REQUIRED ACTION:
I'd like the data below restated word for word, with the pictures left out.

RECORDED INFORMATION:
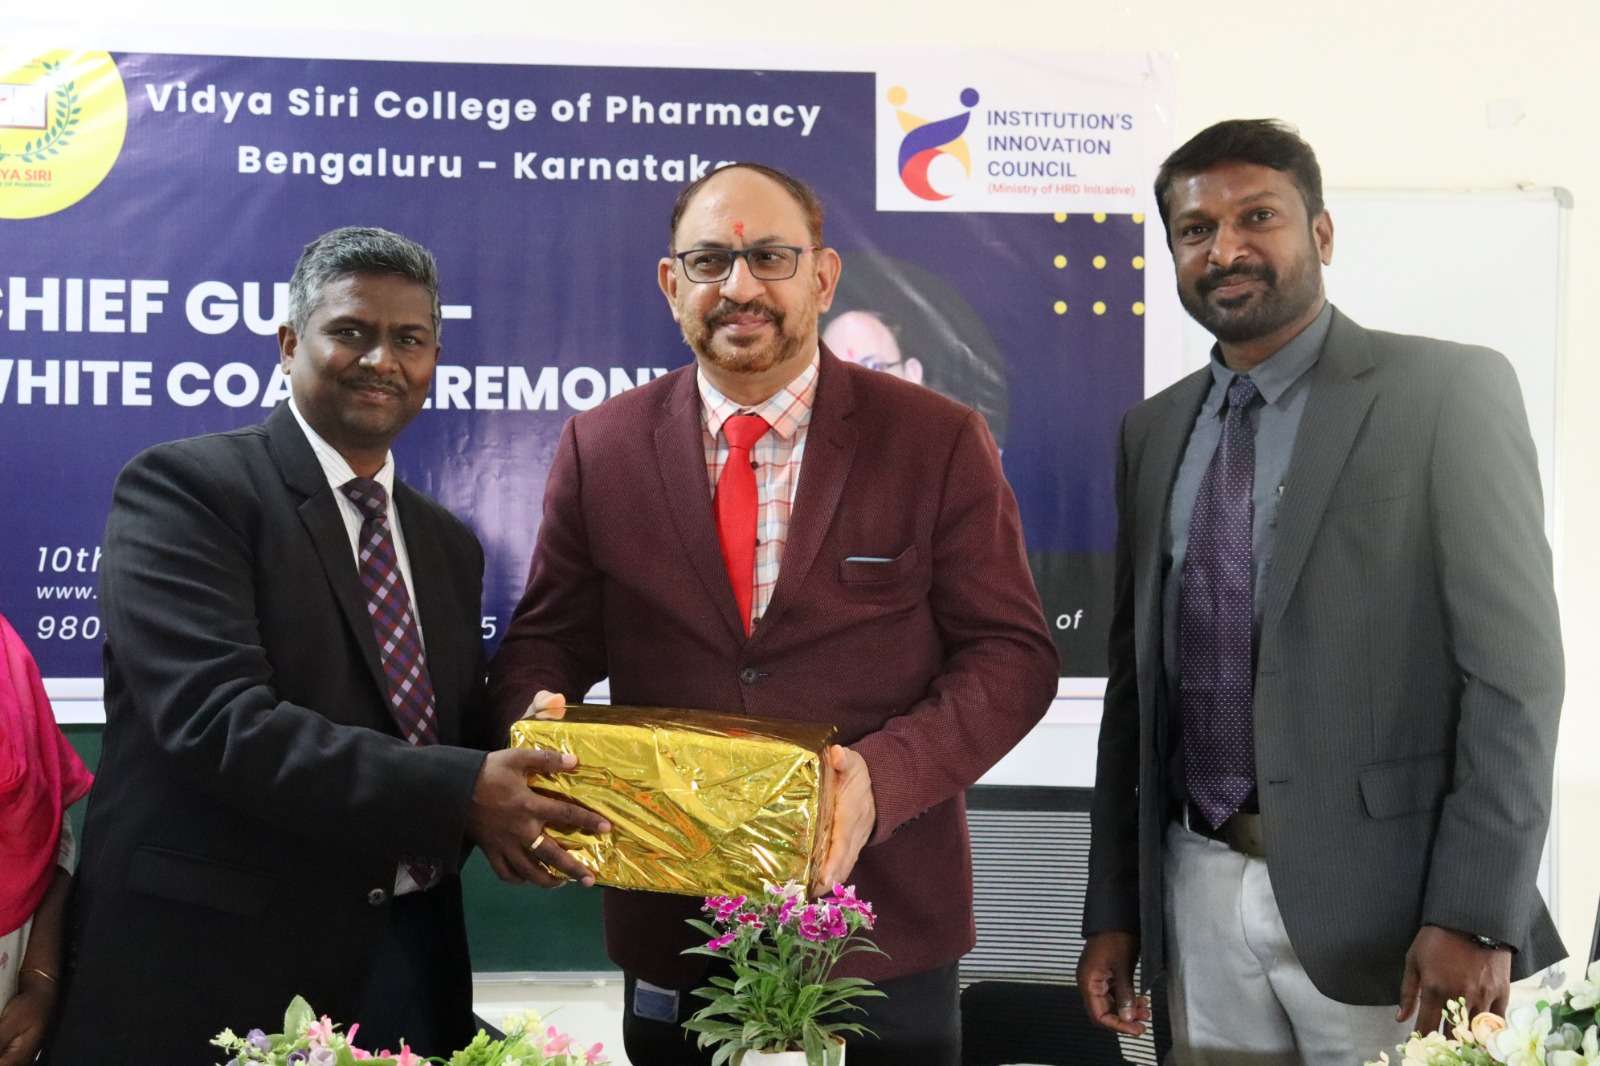 Dr. Raman Dang's Inspiring Address at Vidya Siri College of Pharmacy
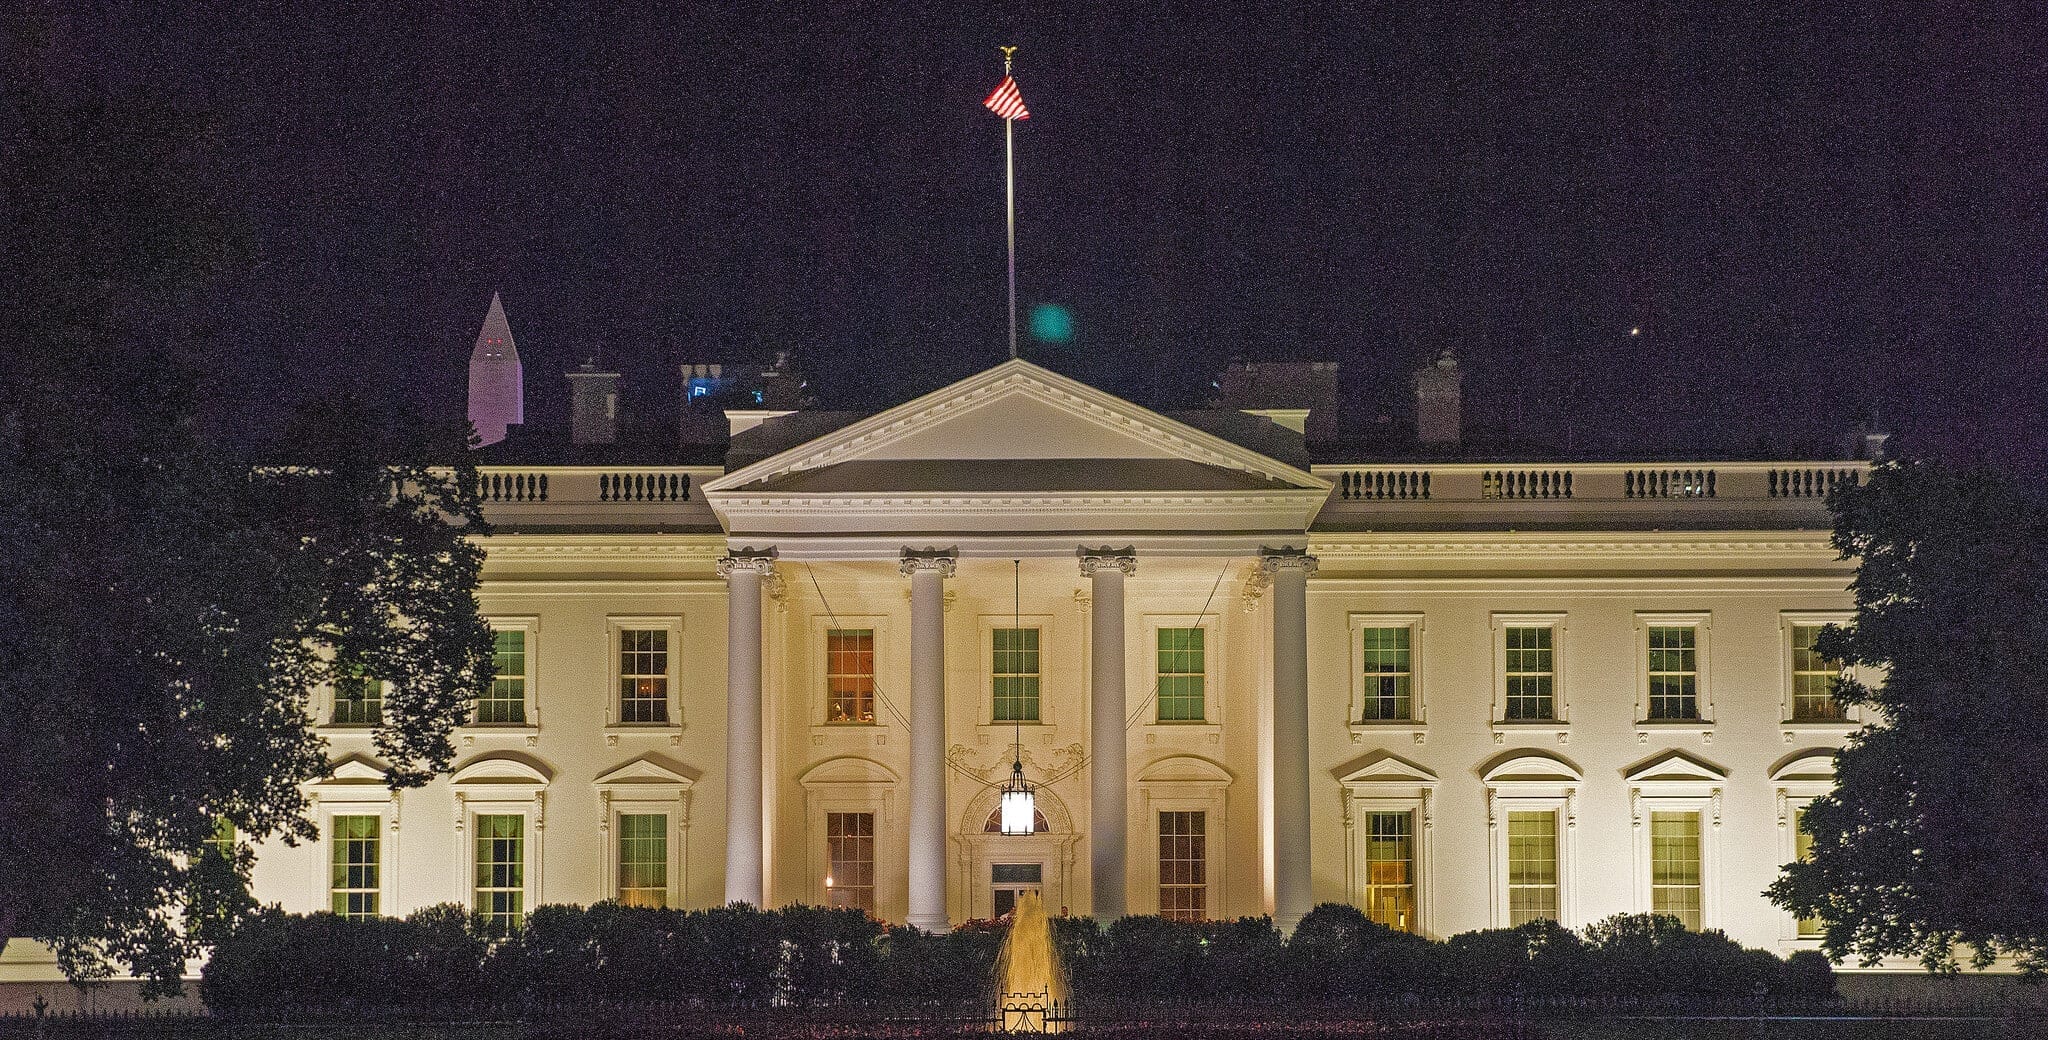 whitehouse at night
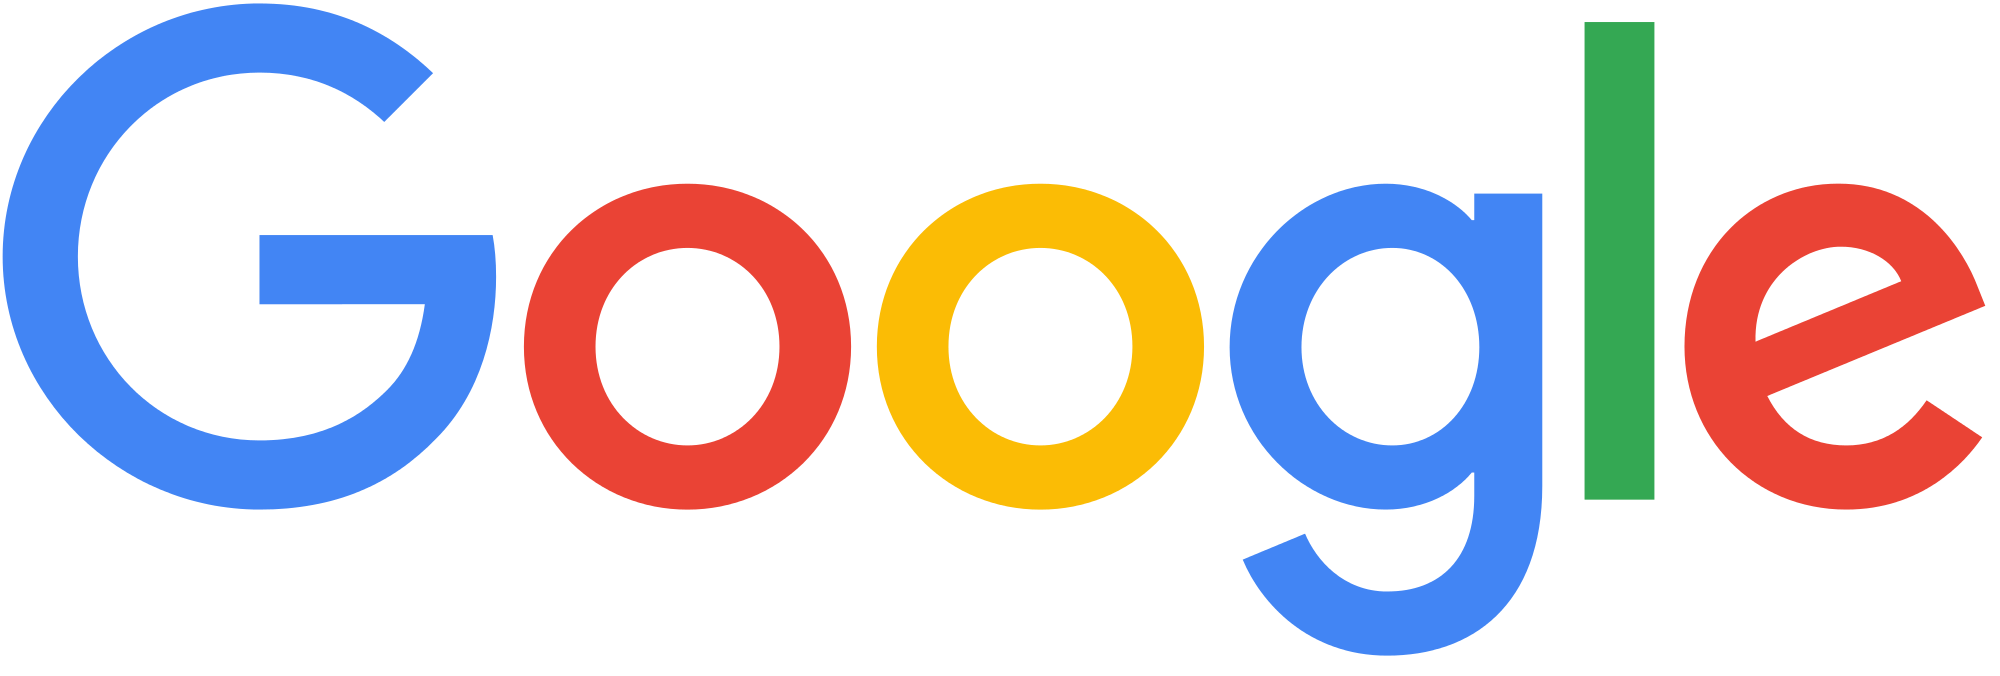 google logo no background

RESULT FOR THIS EXERCISE:
 Dr. Raman Dang's Inspiring Address at Vidya Siri College of Pharmacy
 whitehouse at night
 google logo no background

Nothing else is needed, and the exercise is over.